─── Data section ───

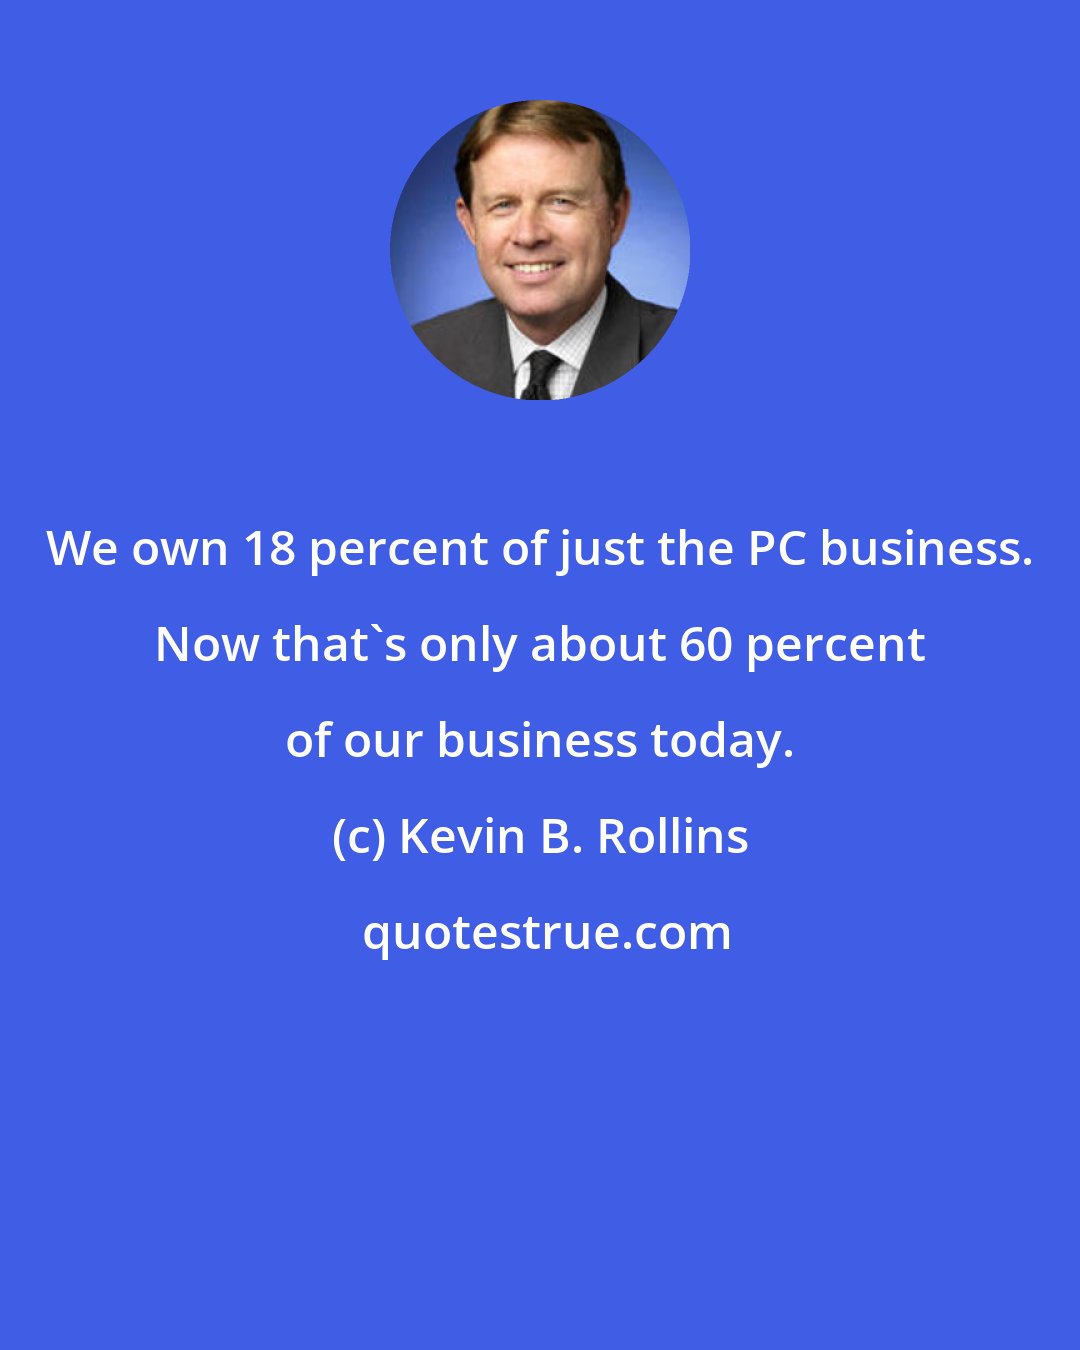 Kevin B. Rollins: We own 18 percent of just the PC business. Now that's only about 60 percent of our business today.
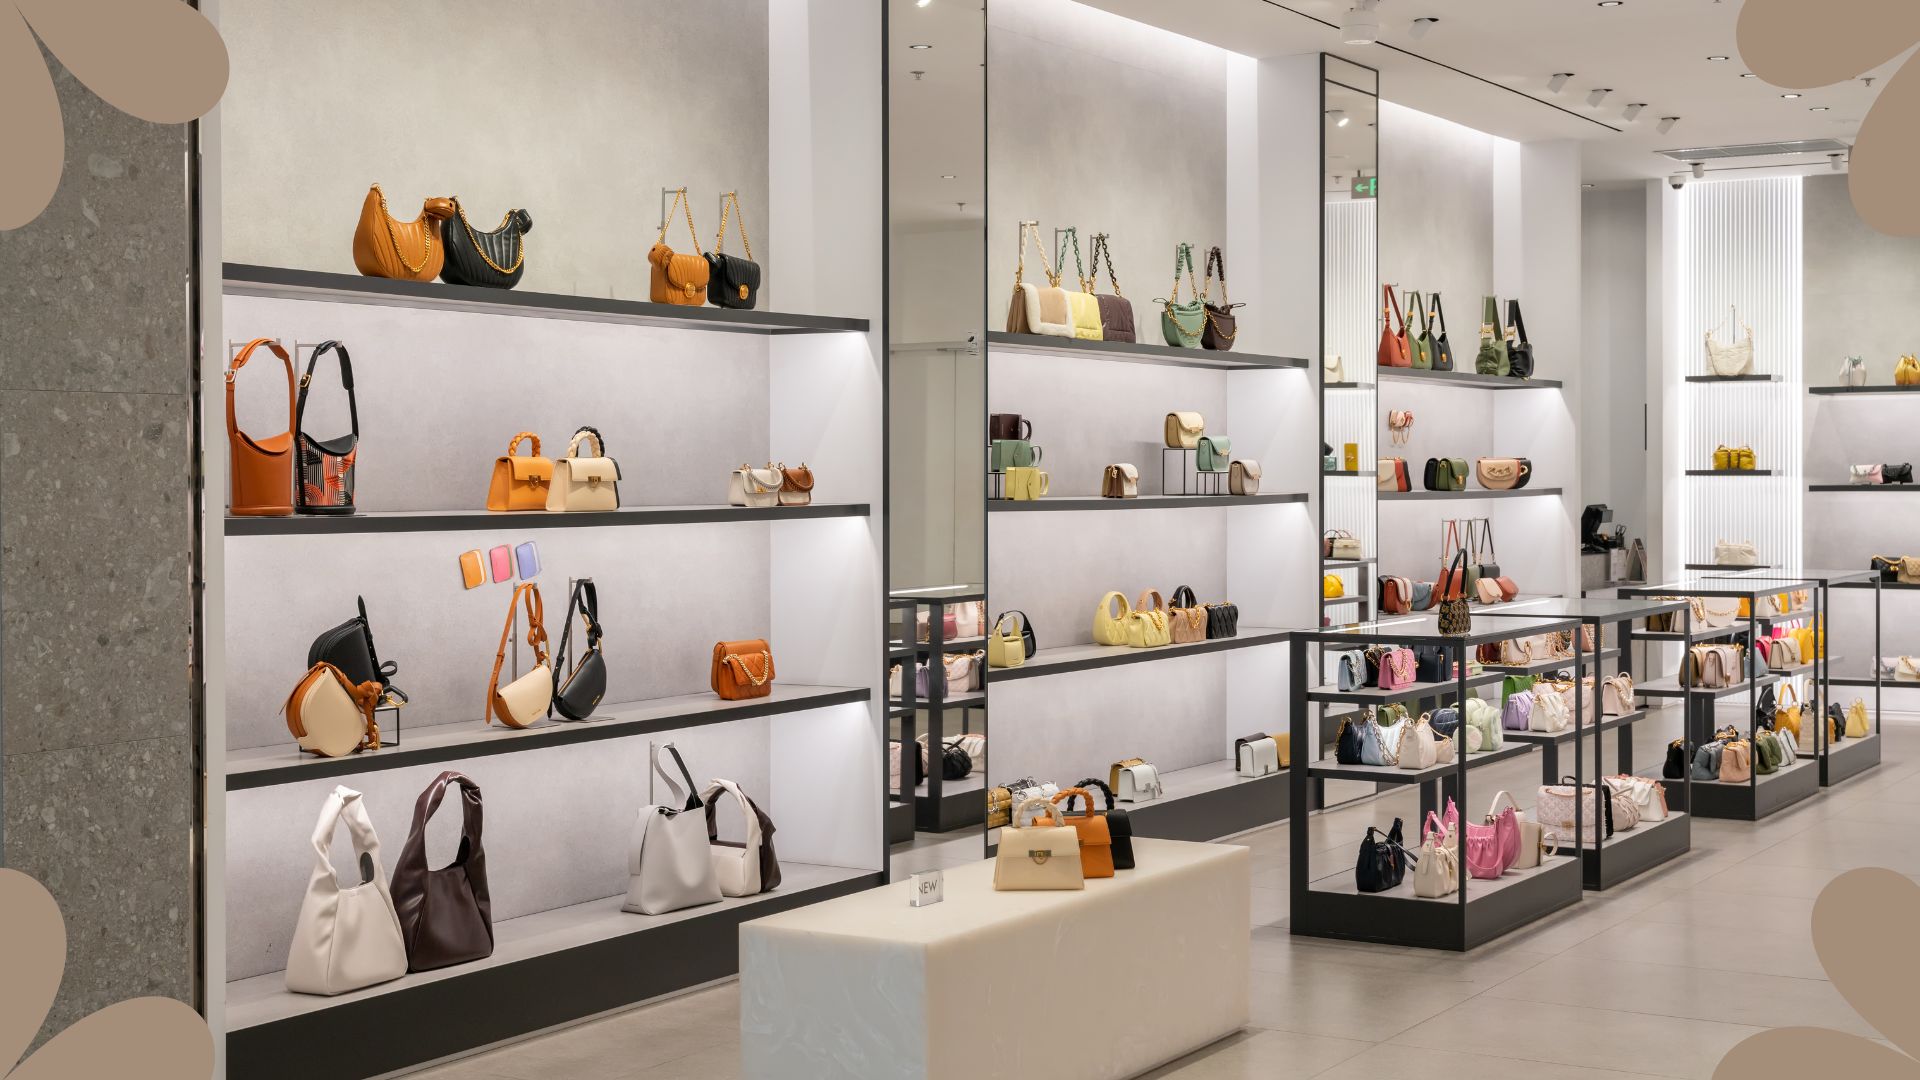 3 Mistakes To Avoid When Buying Used Louis Vuitton Handbags
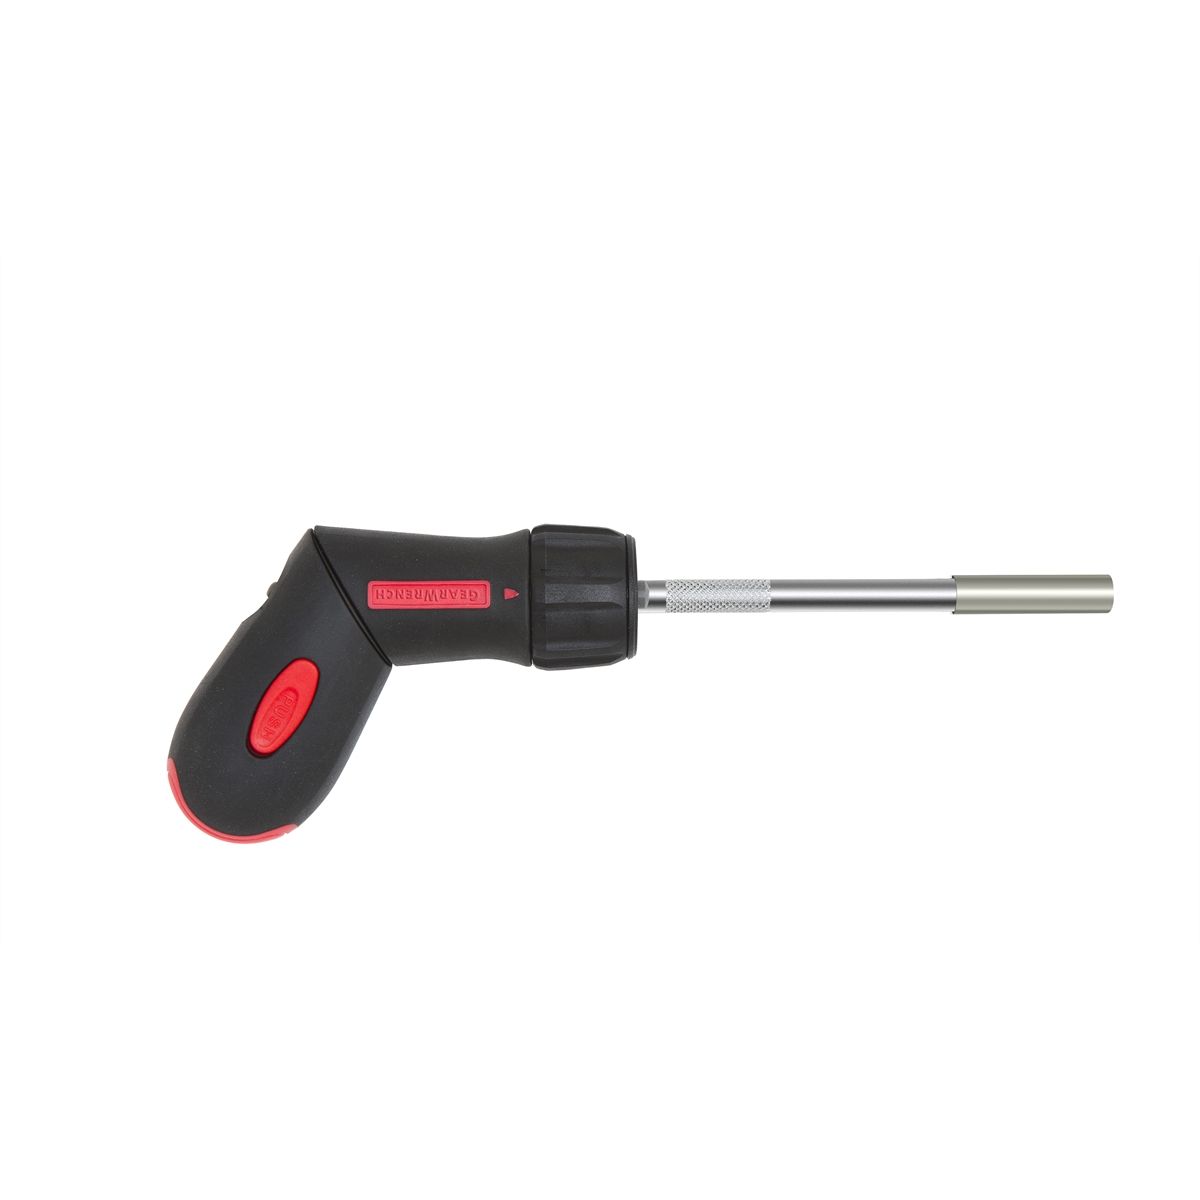 2 Position Ratcheting Screwdriver with LED Lights...
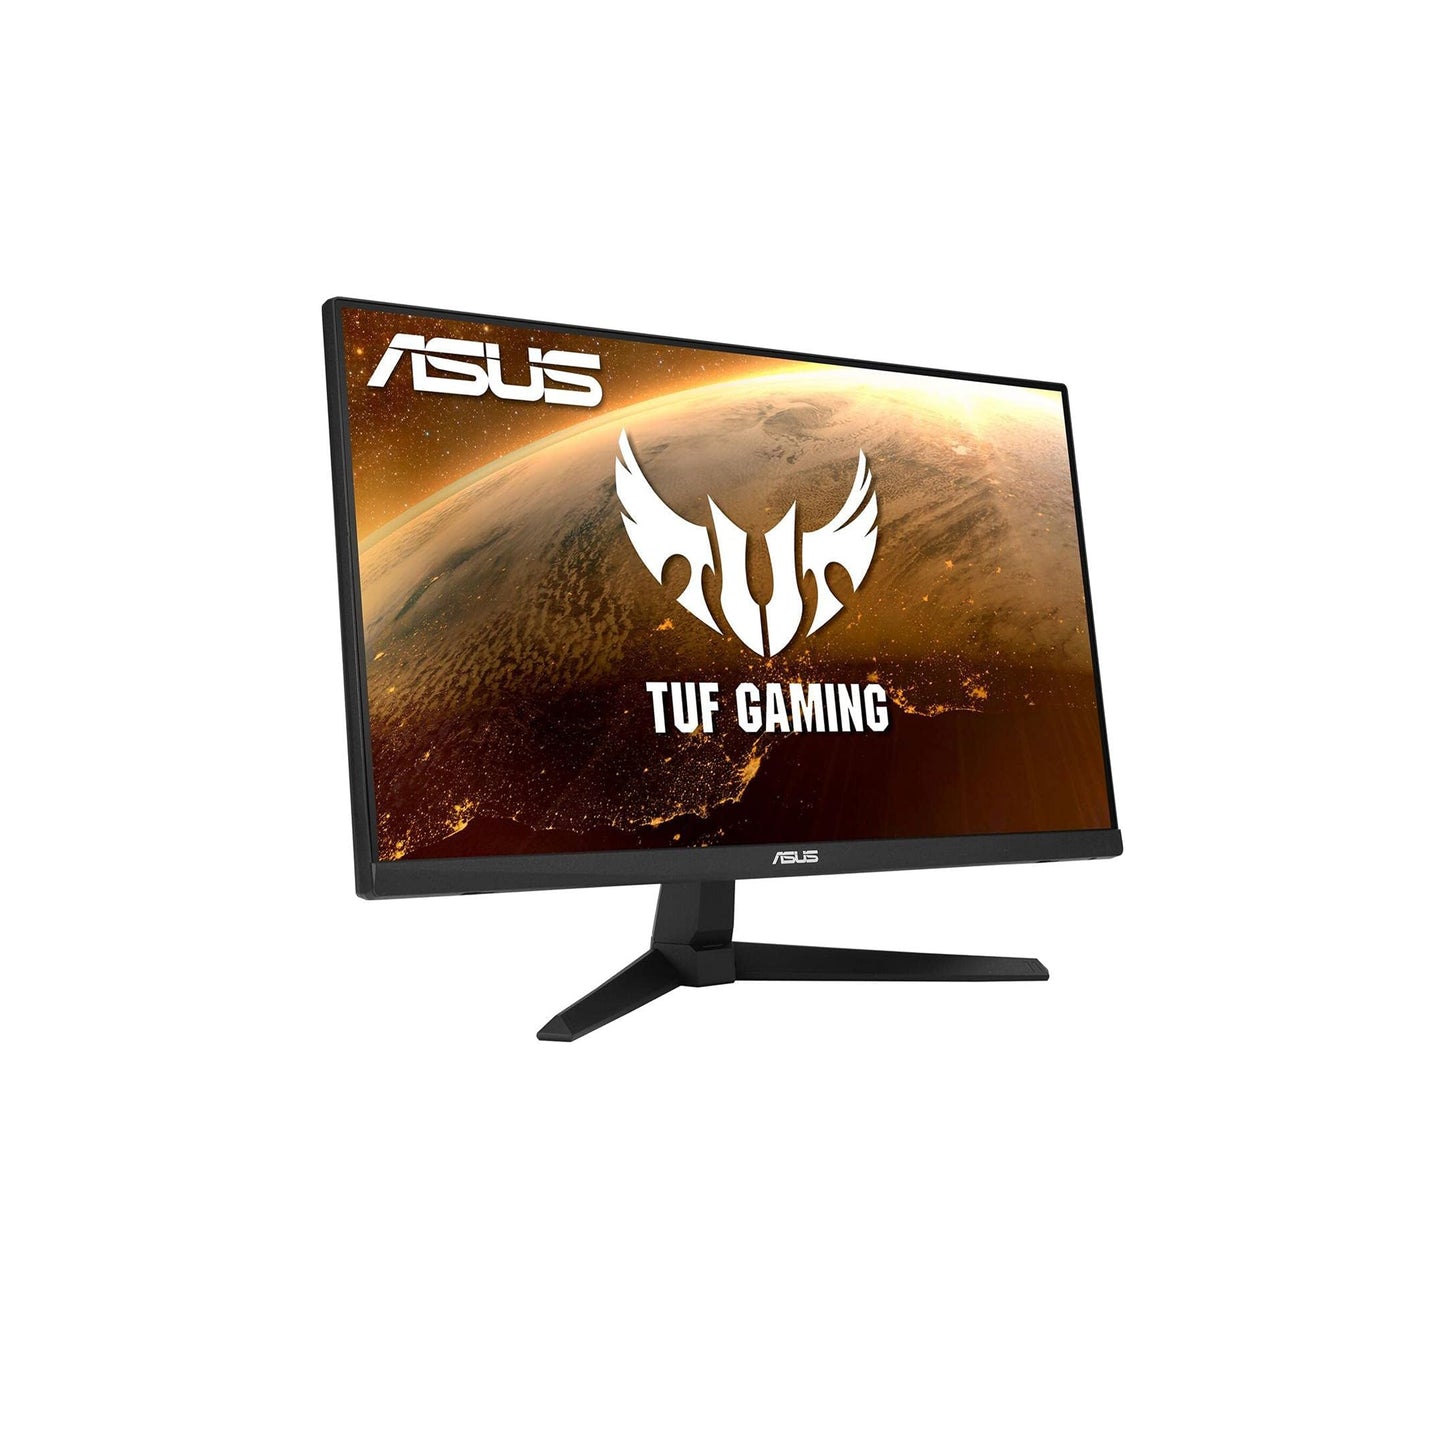 ASUS TUF Gaming VG27AQL1A 27” HDR Monitor, 1440P WQHD (2560 x 1440), 170Hz (Supports 144Hz), IPS, 1ms, G-SYNC Compatible, Extreme Low Motion Blur Sync, HDR400, 130% sRGB, Eye Care, HDMI DisplayPort

───

What this task involves:
What should appear is an exact reproduction of the lines from the one with "2 Position Ratcheting" through the end of the material above, and no pictures.

Your solution:
 2 Position Ratcheting Screwdriver with LED Lights...
 ASUS TUF Gaming VG27AQL1A 27” HDR Monitor, 1440P WQHD (2560 x 1440), 170Hz (Supports 144Hz), IPS, 1ms, G-SYNC Compatible, Extreme Low Motion Blur Sync, HDR400, 130% sRGB, Eye Care, HDMI DisplayPort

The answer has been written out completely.